Comunque ho trovato la versione html su google 

Grazie... vado con la lettura  :Wink: 

----------

## fikiz

 *Quote:*   

> Comunque ho trovato la versione html su google 

 

E' un documento piuttosto vecchio: prende in considerazione Oracle 8 (che avra' almeno 6 anni, ma forse di piu') e sostiene che MySQL non supporta foreign key e transazioni (e invece sono disponibili gia' da parecchio).

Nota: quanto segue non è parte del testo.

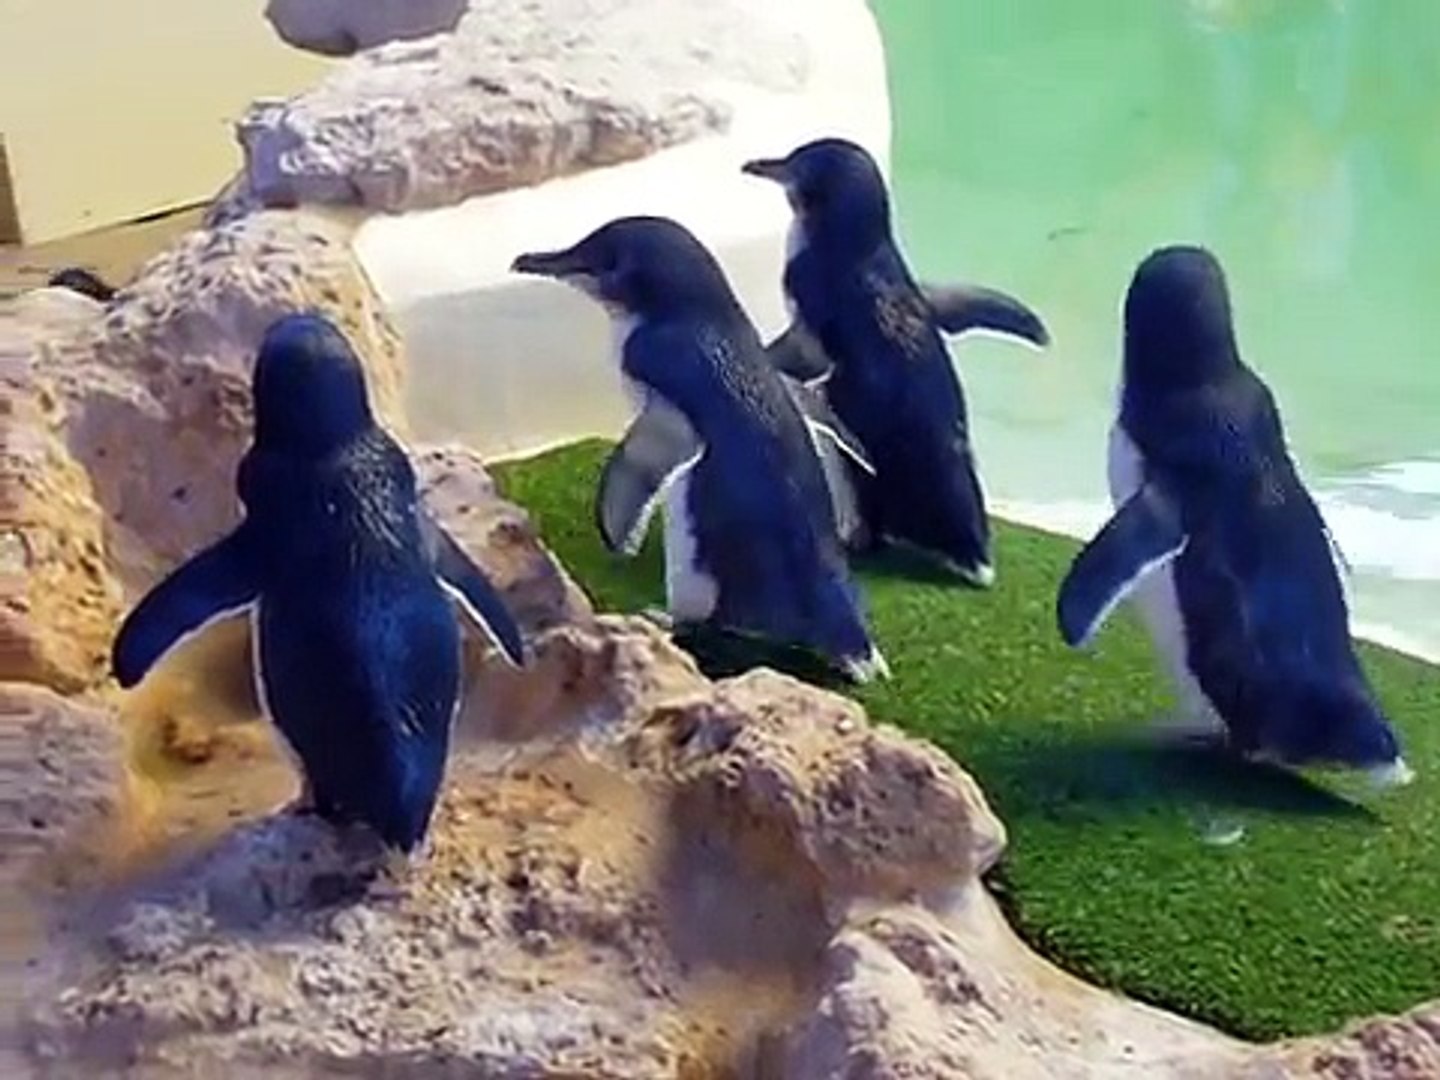 Little penguins on Penguin Island, Australia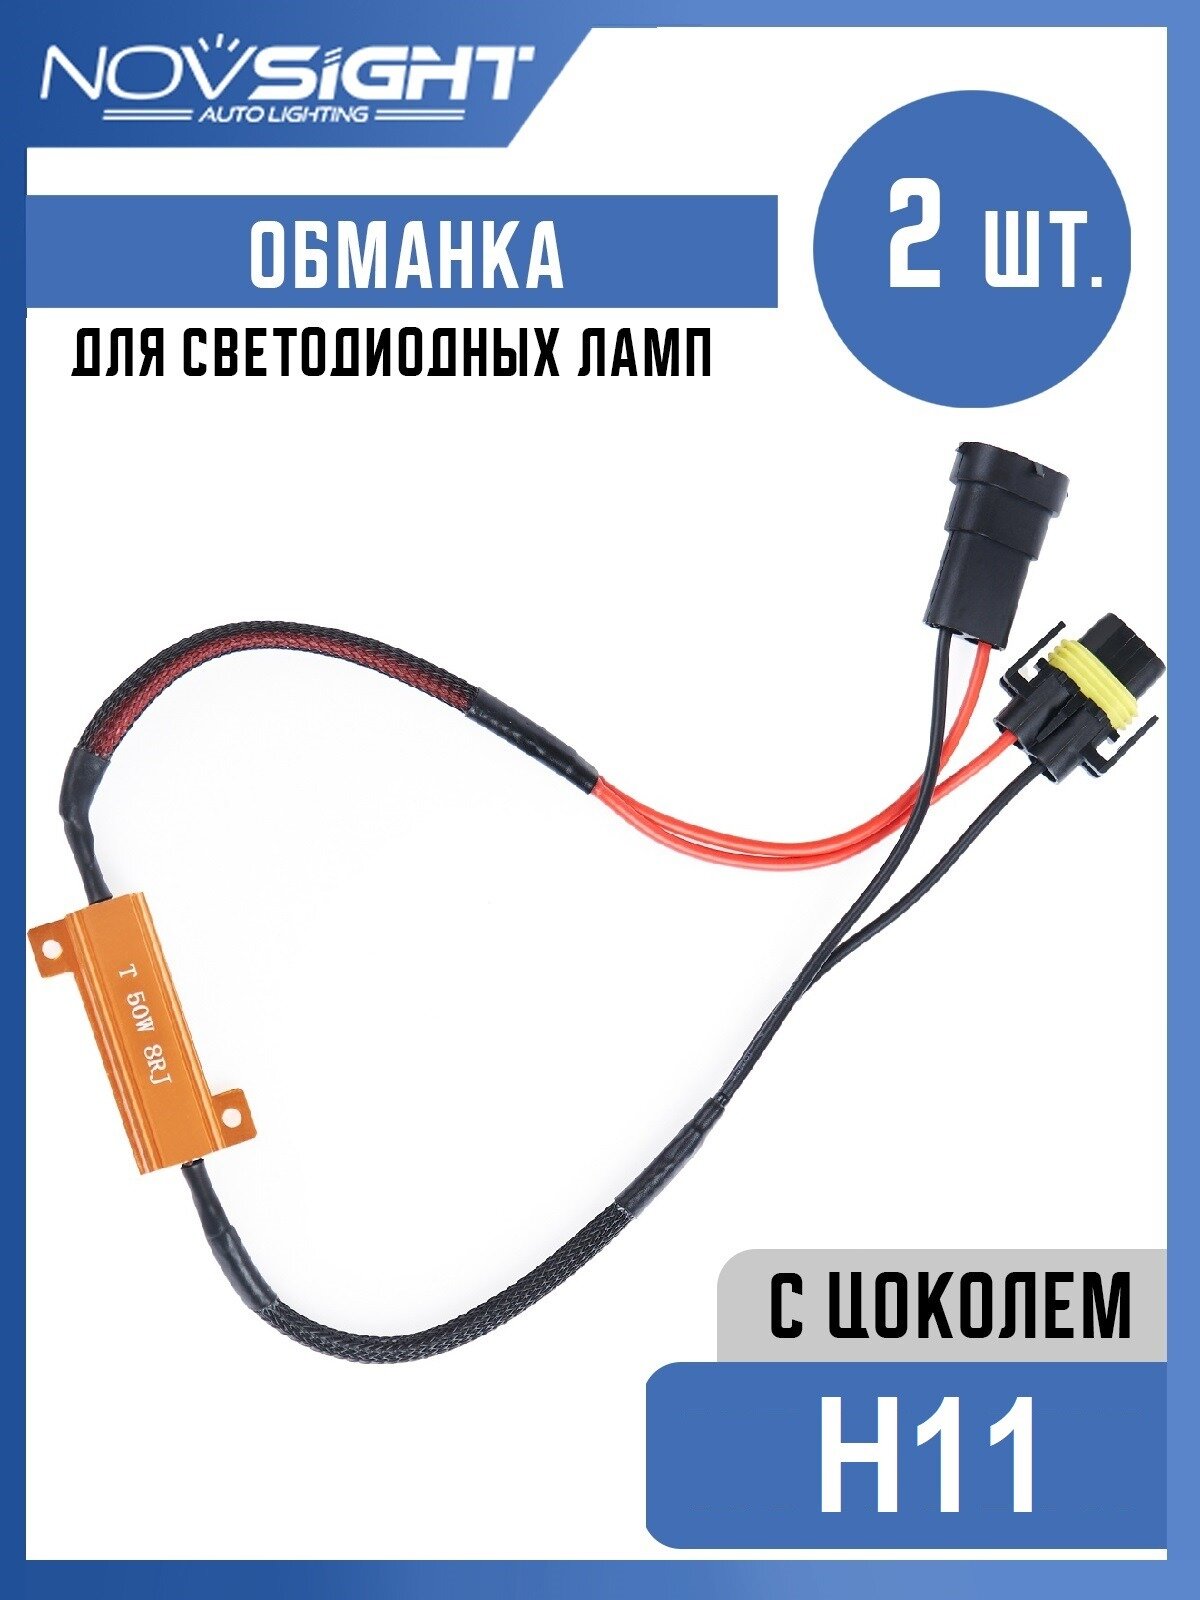 Обманка Canbus для ламп H11 цоколь PGJ19-2 50 Вт 8 Ом 2шт Нагрузочный резистор светодиодных

Credo che se venisse riveduto allo stato attuale sia MySQL che Postgres guadagnerebbero terreno rispetto ad Oracle sulle caratteristiche piu' importanti.

----------

## .:deadhead:.

Date una lettura a questo articolo  :Very Happy:  Five reasons why you should never use PostgreSQL -- ever .

----------

## ercoppa

Domanda da un "ignorantone" come me. Ho visto che postgresql viene rilasciato sotto una particolare licanza(License:     POSTGRESQL), a differenza di una GPL-2 (che se non sbaglio è quella sotto cui viene rilasciato mysql) che restrizioni da?

----------

## .:chrome:.

basta leggere la licenza  :Wink: 

comunque anche mysql viene rilasciato con doppia licenza

----------

## .:deadhead:.

Non conosco la licenza di postres ma i consiglio di andare a leggere questo articolo di un developer di gentoo riguardante mysql :

http://dev.gentoo.org/~flameeyes/articles

----------

## .:chrome:.

 *.:deadhead:. wrote:*   

> Non conosco la licenza di postres ma i consiglio di andare a leggere questo articolo di un developer di gentoo riguardante mysql :
> 
> http://dev.gentoo.org/~flameeyes/articles

 

l'avevo postato all'inizio del thread  :Wink: 

----------

## fedeliallalinea

La licenza con cui e' rilasciato postgresql e' la BSD e non una sua (http://www.postgresql.org/about/licence) che mi e' molto comoda potendolo utilizzare anche per scopi commerciali (visto che lavoro per una ditta in cui ha bisogno un DB)

----------

## Kernel78

 *fedeliallalinea wrote:*   

> La licenza con cui e' rilasciato postgresql e' la BSD e non una sua (http://www.postgresql.org/about/licence) che mi e' molto comoda potendolo utilizzare anche per scopi commerciali (visto che lavoro per una ditta in cui ha bisogno un DB)

 

Piccolo OT ma a quanto mi risulta puoi usare per scopi commerciali anche software sotto GPL (altrimenti suse eredhat andrebbero in fallimento)...

----------

## fedeliallalinea

 *Kernel78 wrote:*   

> Piccolo OT ma a quanto mi risulta puoi usare per scopi commerciali anche software sotto GPL (altrimenti suse eredhat andrebbero in fallimento)...

 

No loro ci guadagnano sull'assistenza, se una ditta vuole fare un prodotto colsed source con mysql integrato non puo' perche' se uso un programma gpl allora anche il mio software diventa automaticamente gpl (mentre se fosse lgpl la storia cambia). Comunque per usare mysql per scopo commerciale non vale la gpl ma subentra un'altra licenza che devi pagare.

----------

## Kernel78

 *fedeliallalinea wrote:*   

>  *Kernel78 wrote:*   Piccolo OT ma a quanto mi risulta puoi usare per scopi commerciali anche software sotto GPL (altrimenti suse eredhat andrebbero in fallimento)... 
> 
> No loro ci guadagnano sull'assistenza, se una ditta vuole fare un prodotto colsed source con mysql integrato non puo' perche' se uso un programma gpl allora anche il mio software diventa automaticamente gpl (mentre se fosse lgpl la storia cambia). Comunque per usare mysql per scopo commerciale non vale la gpl ma subentra un'altra licenza che devi pagare.

 

Ok, non mi era chiaro l'utilizzo commerciale che ne fai ...

----------